Wednesday, September 30, 2009
Should Rape Be Forgiven?
Political leaders and entertainers around the world are clamoring for film director Roman Polanski to be freed. Polanski, a resident of France, was en route to the Zurich Film Festival on Saturday when Swiss authorities arrested him on a California court warrant.
Polanski fled the United States in 1977 after pleading guilty to unlawful sexual intercourse with a minor. American investigators say Polanski slipped a13-year-old model a hypnotic sedative, gave her champagne, then engaged in various sex acts with her.

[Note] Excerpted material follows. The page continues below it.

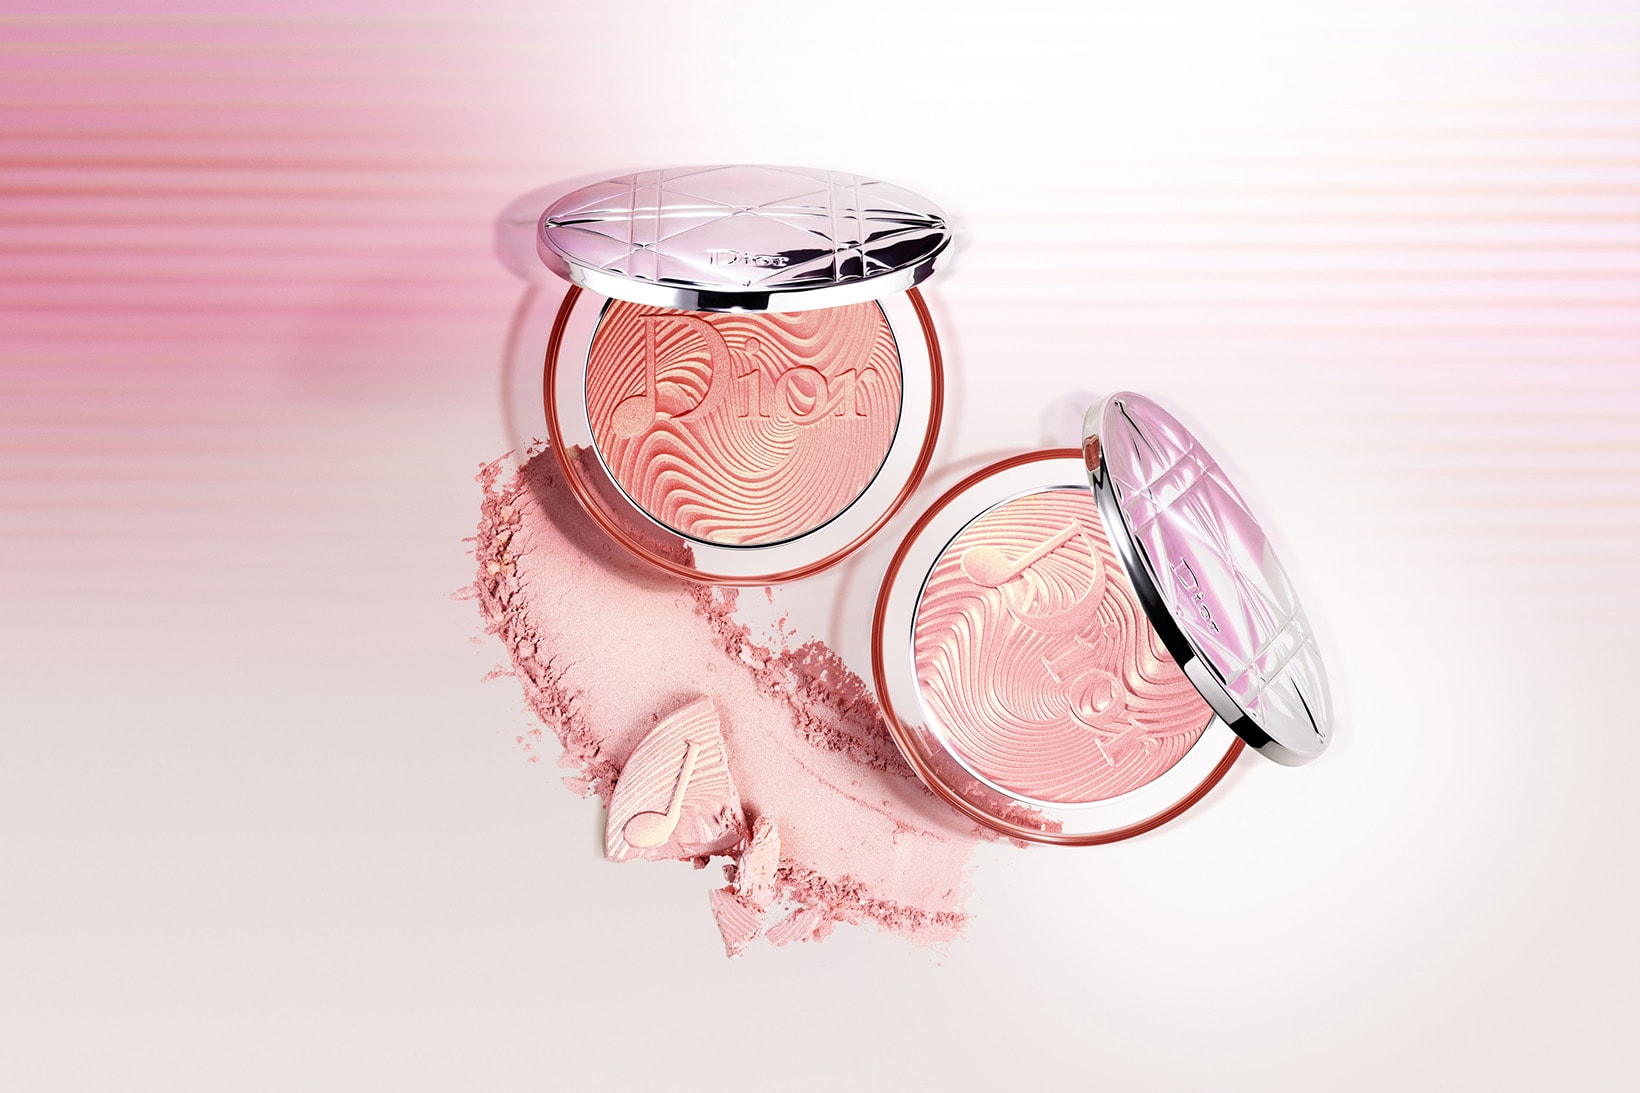 Dior Beauty "Glow Vibes" Spring Summer 2020 Makeup Collection Diorskin Luminizer Highlighter Rosy Coral Vibes

His defenders, including 138 in the film industry who signed a petition against the arrest, are proclaiming that Polanski is a victim, that efforts to extradite him would “take away his freedom.” The signatories, including Woody Allen and Martin Scorsese, expressed “dismay” that Polanski would be detained at a film festival in a “neutral” country. The petition demands the “immediate release” of “a renowned and international artist.”
I won’t deny that Polanski is a gifted director. I particularly enjoyed his 1980 movie Tess, for which he received an Academy Award nomination, and his 2002 work The Pianist, for which he won the Oscar. The latter alludes to Polanski’s personal trauma in surviving the Holocaust (his mother died in a Nazi concentration camp). Polanski also experienced excruciating grief when Charles Manson’s gang murdered his eight-months-pregnant wife Sharon Tate in 1969.
Beyond arguments that he is a fine filmmaker who has suffered, some defenders contend that Polanski should be forgiven for the crime because of his age (76), it happened 32 years ago and his victim wants to forget the whole ordeal.
But these excuses all miss the point. Polanski committed a horrific crime, confessed and fled. To allow him — or anyone less famous — to walk away free sends a message that sexually abusing young teenage girls is no big deal. That’s a message that is wrong, whether it’s 1977 or 2009.